In addition, the bioinformatics service provider 28 may also
provide access to research appliances, illustrated diagrammatically
at 34. For example, the bioinformatics service provider may provide
access to research appliances, such as gene sequencers, DNA
microarray readers, and the like, to users of virtual community 22.
In accordance with one aspect of the technology, a life sciences
framework may be used to implement a common accessing methodology
for such research appliances. Such a framework is desirable because
it allows users within the virtual community to obtain information
from the research appliances, without concern for constructing a
compatible local hardware/software environment. The framework
defines a suitable hardware/software interface structure and
application program interface (API) to allow a diverse collection
of research appliances from different manufactures to communicate
with one another and with the users of virtual community 22.

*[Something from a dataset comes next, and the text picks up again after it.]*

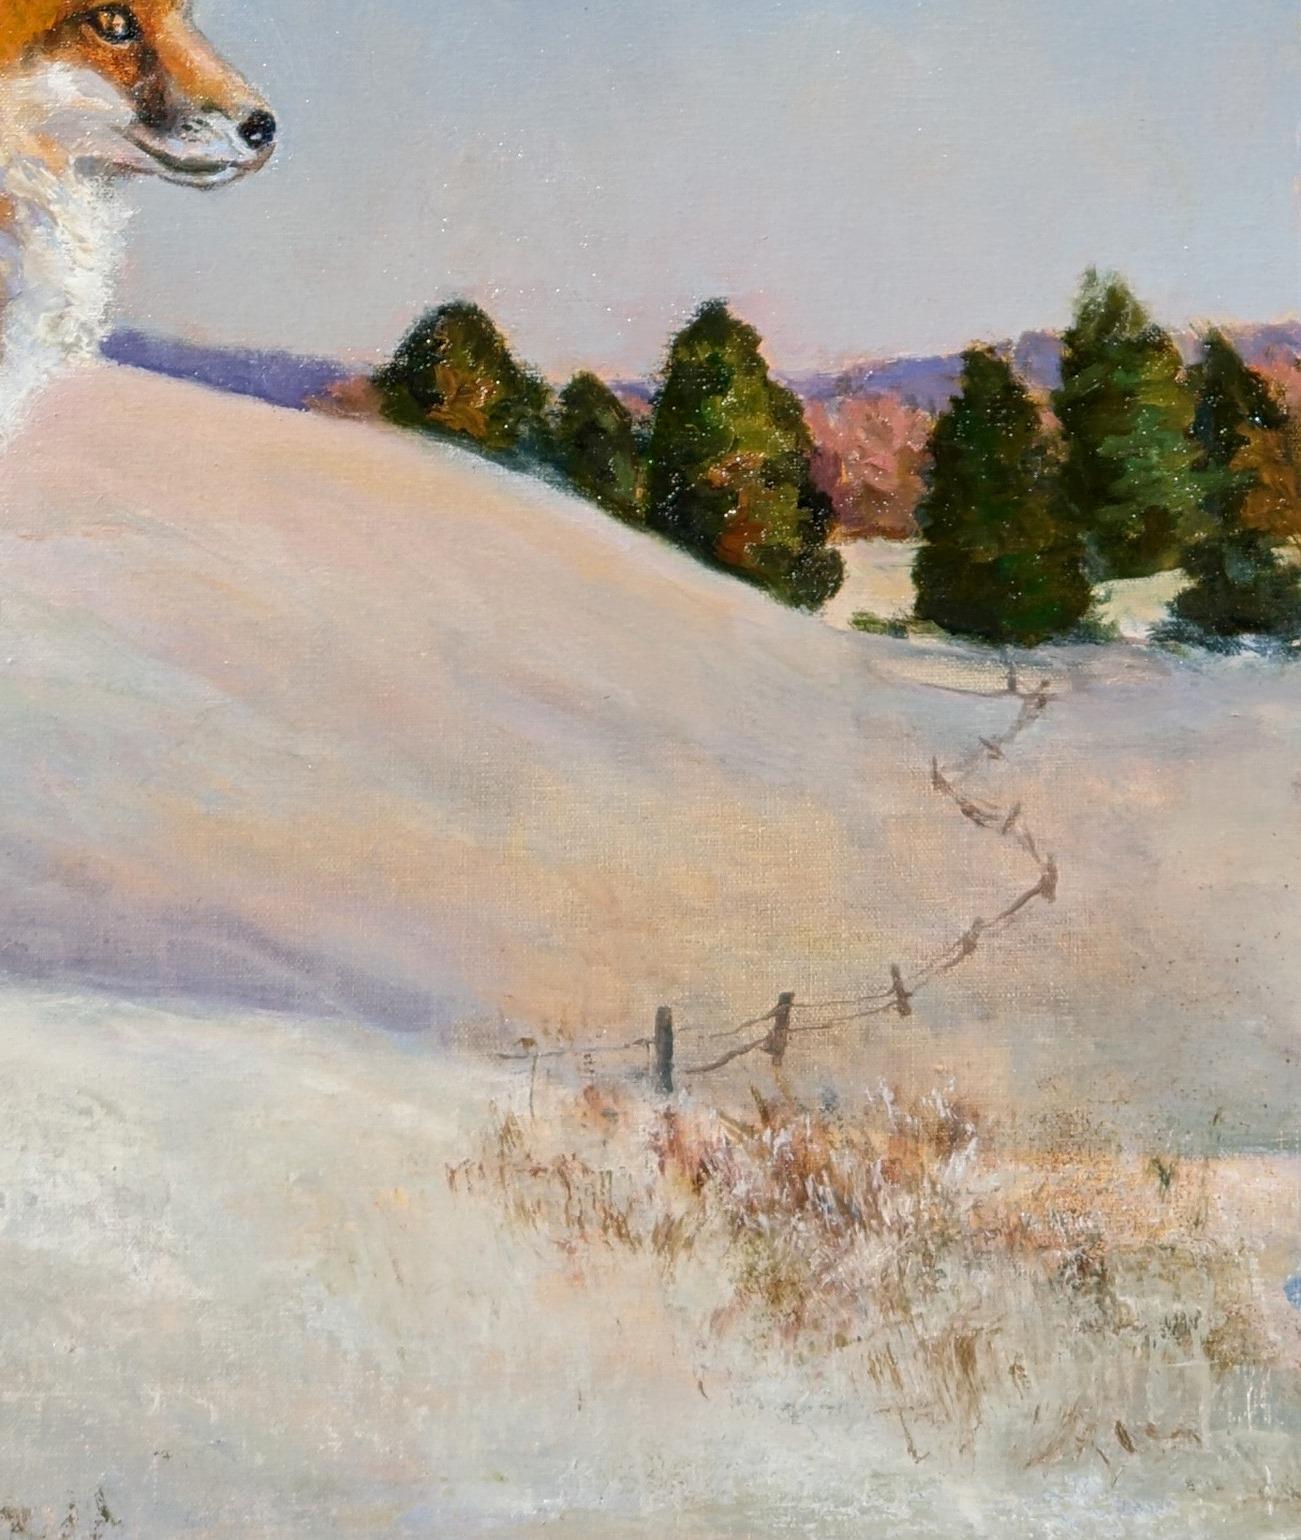 Reynard Fox Painting in Snowy Winter Landscape Celebrates the Fox's Cunningness For Sale 2

[0037] The virtual community 22 is preferably configured so that
its users can also access resources that are not necessarily
associated with bioinformatics service provider 28. Thus, users of
virtual community 22 can access life sciences information 36,
workflow patterns 38 and research appliances 40 that are made
available on the network by third parties or by other members of
the virtual community 22.
[0038] As will often be the case, the biological or life sciences
researcher will have a particular technical discipline or technical
field of endeavor that defines much about that researcher's
experiments conducted in virtual laboratory 24. However, the
biological and life sciences represent a vast body of knowledge
that spans numerous scientific fields of endeavor. The virtual
community 22 is designed with this in mind. Thus, as illustrated at
22a, the virtual community 22 preferably comprises an N-dimensional
space that may be diagrammatically depicted as layers each
corresponding to a different biological or life sciences
discipline. At 22a, the following disciplines are illustrated:
genomics, pharmacogenomics, proteomics, cellular biology and
cheminformatics. The virtual community 22 is configured using an
information indexing system that allows a researcher working
primarily in one field of endeavor (one layer) to "tunnel" up or
down to access resources or information that are defined primarily
for other disciplines (other layers). Thus, a genomics researcher
can use the virtual community 22 to acquire proteomics information
that may be useful in an experiment that research is conducting in
the genomics field.
[0039] FIGS. 2 and 3 show how the virtual community is indexed to
allow researchers to tunnel through to different layers of
information. Referring first to FIG. 2, the preferred embodiment
employs a gene indexing system illustrated diagrammatically at 42.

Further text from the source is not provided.